4. Effect of Hydroxytyrosol Hydroxybutyrate on Improving Learning
and Memory in Rats with Brain Fatigue
[0129] The effect of hydroxytyrosol hydroxybutyrate on the
improvement of learning and memory abilities of the rats with brain
fatigue was evaluated using the water maze experiment. The effect
of brain fatigue caused by sleep deprivation on the learning and
memory abilities of the rats and the improvements of learning and
memory abilities brought by the compound were revealed by the
various indicators of the water maze experiment. The platform was
placed under the quadrant IV of the water maze during the
acquisition training. After the four-day training, the underwater
platform was removed, and the rats were placed in the water pool
for a period of time. The percentages of time that the rats spent
in the quadrant IV and the percentages of path length that the rats
swam in the quadrant IV were recorded. The higher the percentages,
the better the learning and memory abilities of the rats. The
percentages of the spending time and swimming path length of the
rats in the control group, the brain fatigue group, the HTac group,
the HBET group, and the HTHB group in the quadrant IV are shown in
FIGS. 1A and 1B. The results showed that the swimming time in the
quadrant IV of the brain fatigue group was significantly different
from that of the control group. Moreover, the swimming time in the
quadrant IV of the HTHB group was significantly different from that
of the brain fatigue group. The swimming path length in the
quadrant IV of the brain fatigue group was significantly different
from that of the control group.
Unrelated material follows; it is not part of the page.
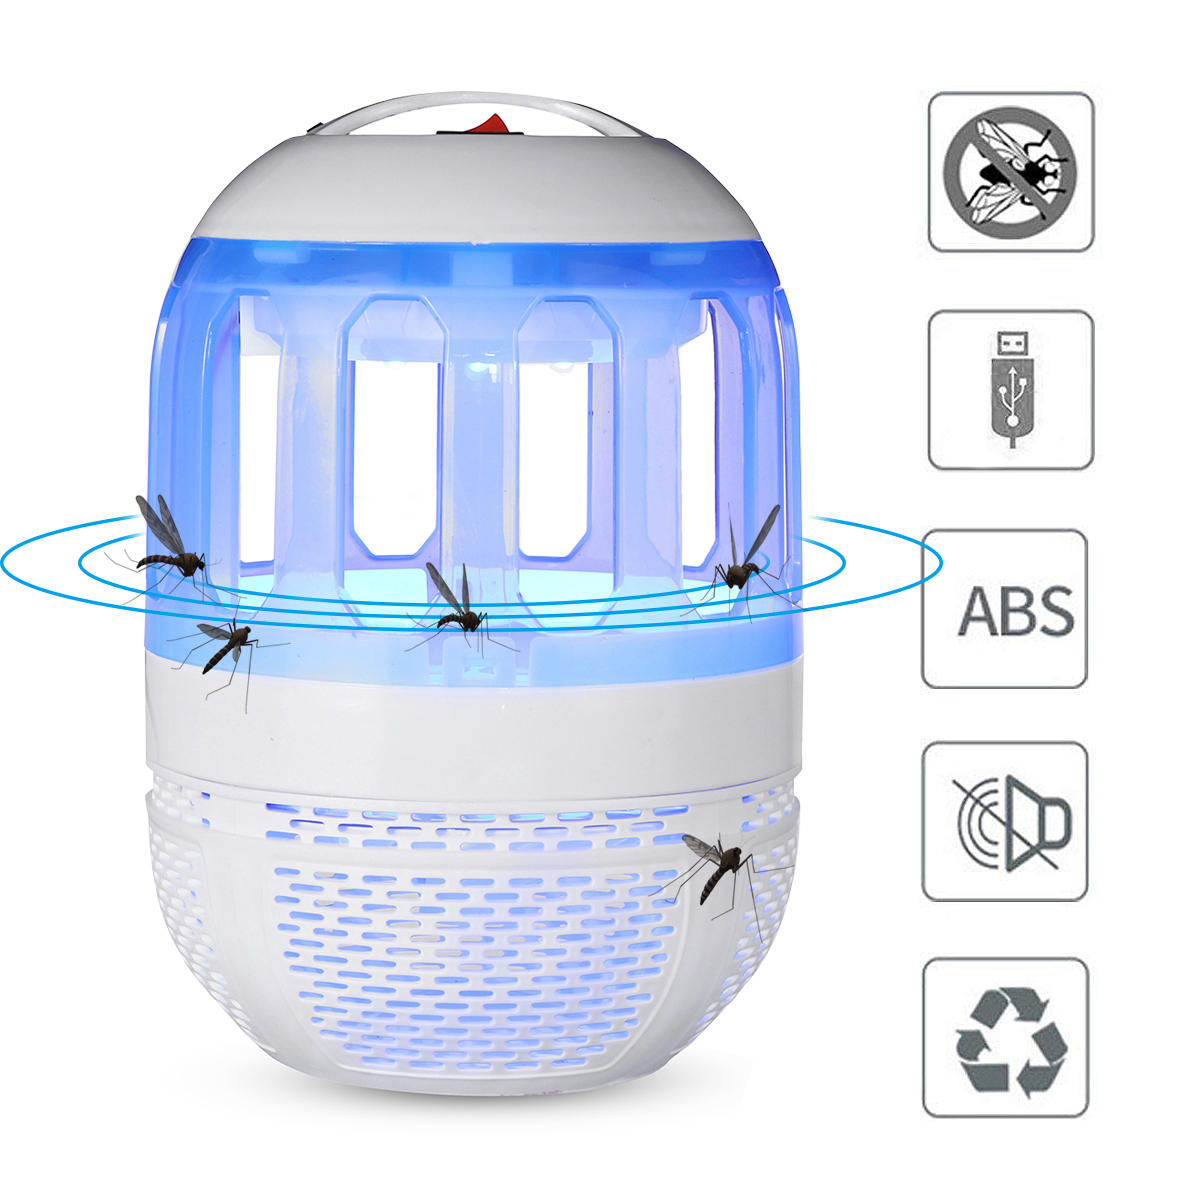 2W Электронный убийца для москитов Лампа USB-убийца для насекомых Лампа Лампа для борьбы с вредителями для Кемпинг

Moreover, the swimming path length
in the quadrant IV of the HTHB group was significantly different
from that of the brain fatigue group. Compared with the rats in the
control group, the rats in the brain fatigue group had a
significant decline in learning and memory abilities. Compared with
hydroxytyrosol acetate and ethyl .beta.-hydroxybutyrate,
hydroxytyrosol hydroxybutyrate more obviously improved the learning
and memory abilities of the rats with brain fatigue.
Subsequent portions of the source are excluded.